Kabini is a difficult SoC to evaluate, primarily because of the nature of the test system we're using to evaluate it today. Although AMD's Jaguar cores are power efficient enough to end up in tablets, the 15W A4-5000 we're looking at today is a bit too much for something the size of an iPad. Temash, Kabini's even lower power counterpart, will change that but we don't have Temash with us today. Rather than wait for AMD to get us a Temash based tablet, I wanted to get an idea of how Jaguar stacks up to some of the modern low-power x86 and ARM competitors.
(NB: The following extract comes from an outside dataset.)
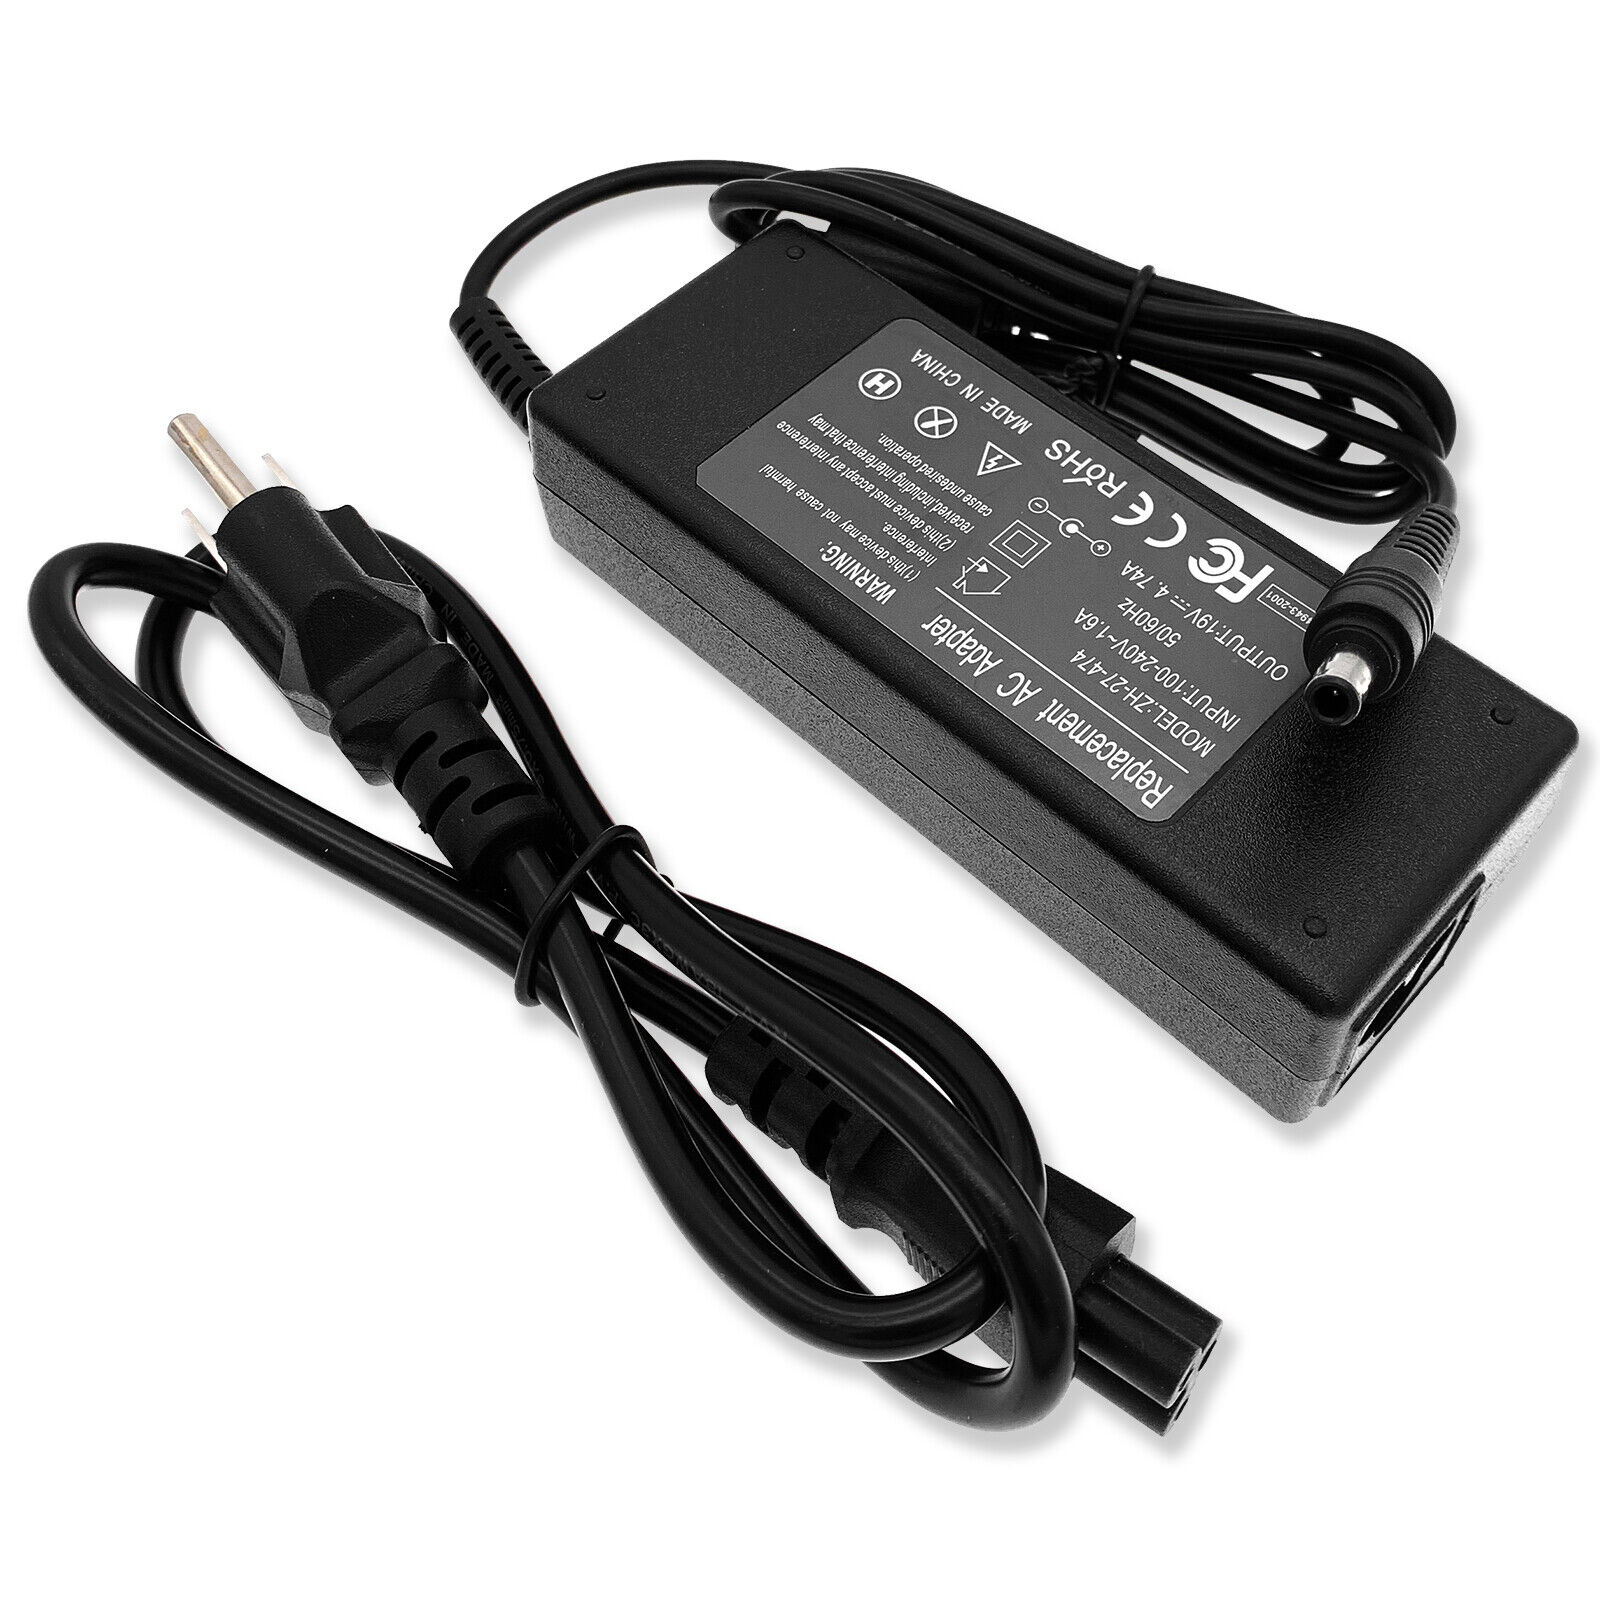 AC Power Adapter Charger For SAMSUNG Np350v5c Np355v5c Np355e7c Np365e5c 90W
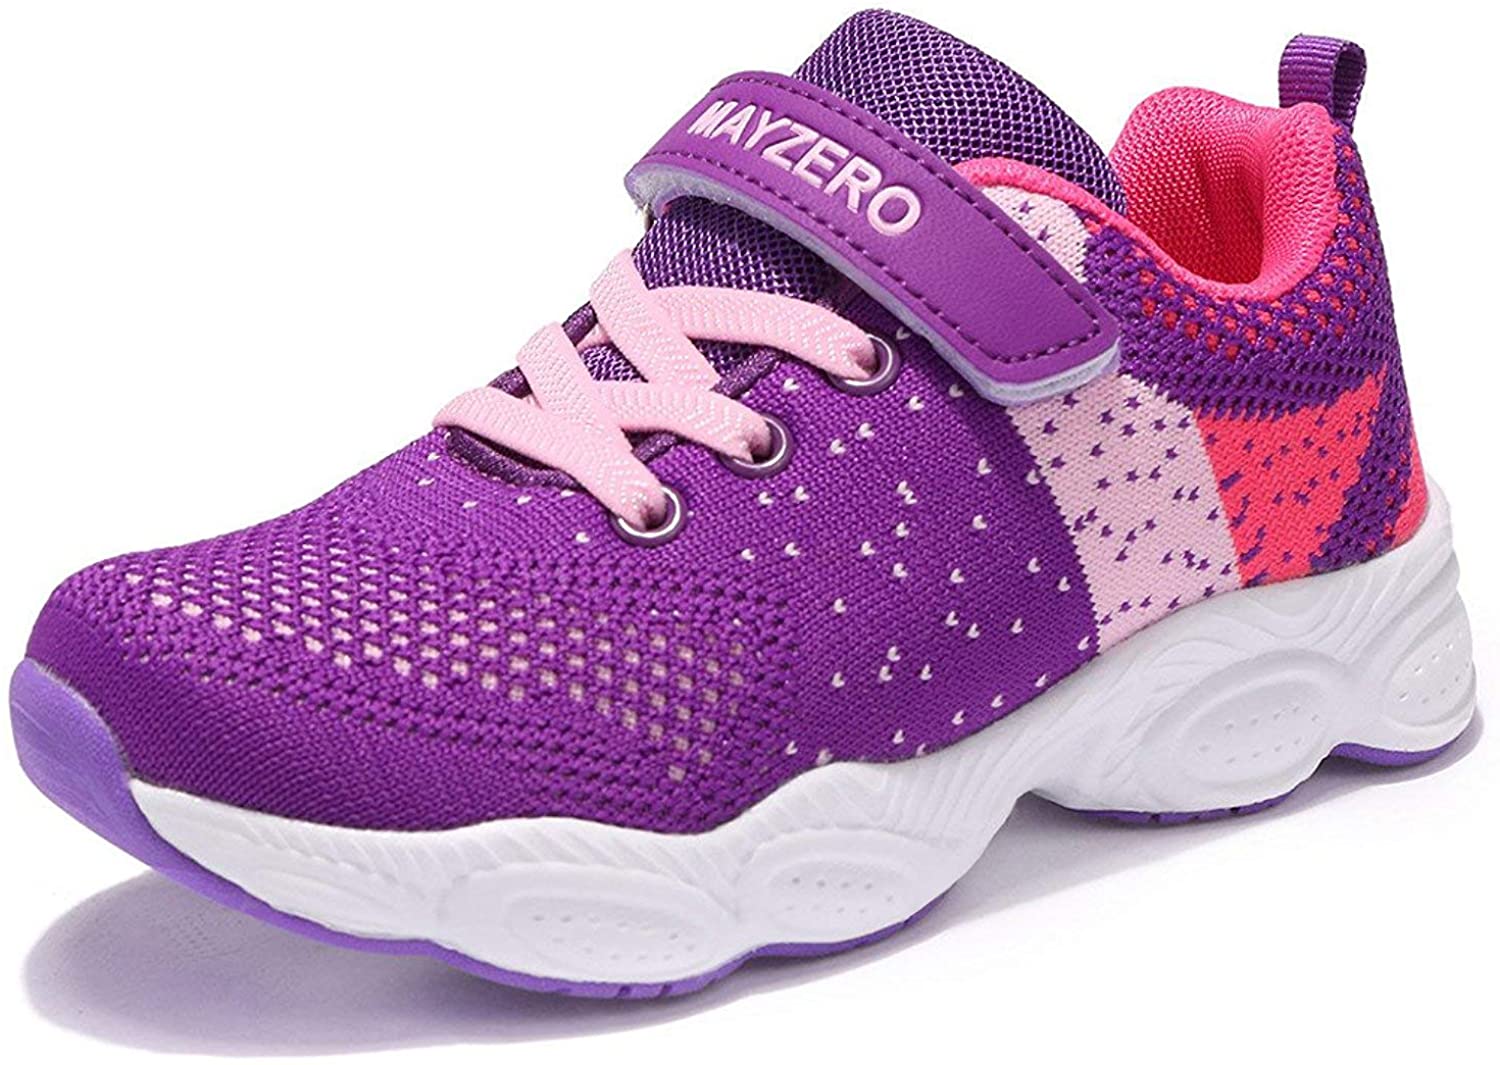 MAYZERO Kids Tennis Shoes Breathable Running Shoes Lightweight Athletic Shoes Walking Shoes Fashion Sneakers for Boys and Girls

To start, let's characterize Jaguar in terms of its performance compared to Bobcat as well as Intel's current 32nm in-order Saltwell Atom core. As a reference, I've thrown in a 17W dual-core Ivy Bridge. The benchmarks we're looking at are PCMark 7 (only run on those systems with SSDs), Cinebench (FP workload) and 7-Zip (integer workload). With the exception of Kabini, all of these parts are dual-core. The Atom and Core i5 systems are dual-core but have Hyper-Threading enabled so they present themselves to the OS as 4-thread machines.

CPU Performance
  PCMark 7 Cinebench 11.5 (Single Threaded) Cinebench 11.5 (Multithreaded) 7-Zip Benchmark (Single Threaded) 7-Zip Benchmark (Multithreaded)
AMD A4-5000 (1.5GHz Jaguar x 4) 2425 0.39 1.5 1323 4509
AMD E-350 (1.6GHz Bobcat x 2) 1986 0.32 0.61 1281 2522
Intel Atom Z2760 (1.8GHz Saltwell x 2) - 0.17 0.52 754 2304
Intel Core i5-3317U (1.7GHz IVB x 2) 4318 1.07 2.39 2816 6598

Compared to a similarly clocked dual-core Bobcat part, Kabini shows a healthy improvement in PCMark 7 performance. Despite the clock speed disadvantage, the A4-5000 manages 22% better performance than AMD's E-350. The impressive gains continue as we look at single-threaded Cinebench performance. Again, a 22% increase compared to Bobcat. Multithreaded Cinebench performance scales by more than 2x thanks to the core count doubling and increased multi-core efficiency. The current generation Atom comparison here is just laughable—Jaguar offers more than twice the performance of Clover Trail in single threaded Cinebench.

The single threaded 7-Zip benchmark shows only mild gains if we don't take into account clock speed differences. If you normalize for CPU frequency, Jaguar is likely around 9% faster than Bobcat here. Multithreaded gains are quite good as well. Once again, Atom is no where near AMD's new A4.

The Ivy Bridge comparison is really just for reference. In all of the lightly threaded cases, a 1.7GHz Ivy Bridge delivers over 2x the performance of the A4-5000. The gap narrows for heavily threaded workloads but obviously any bigger core going into a more expensive system will yield appreciably better results.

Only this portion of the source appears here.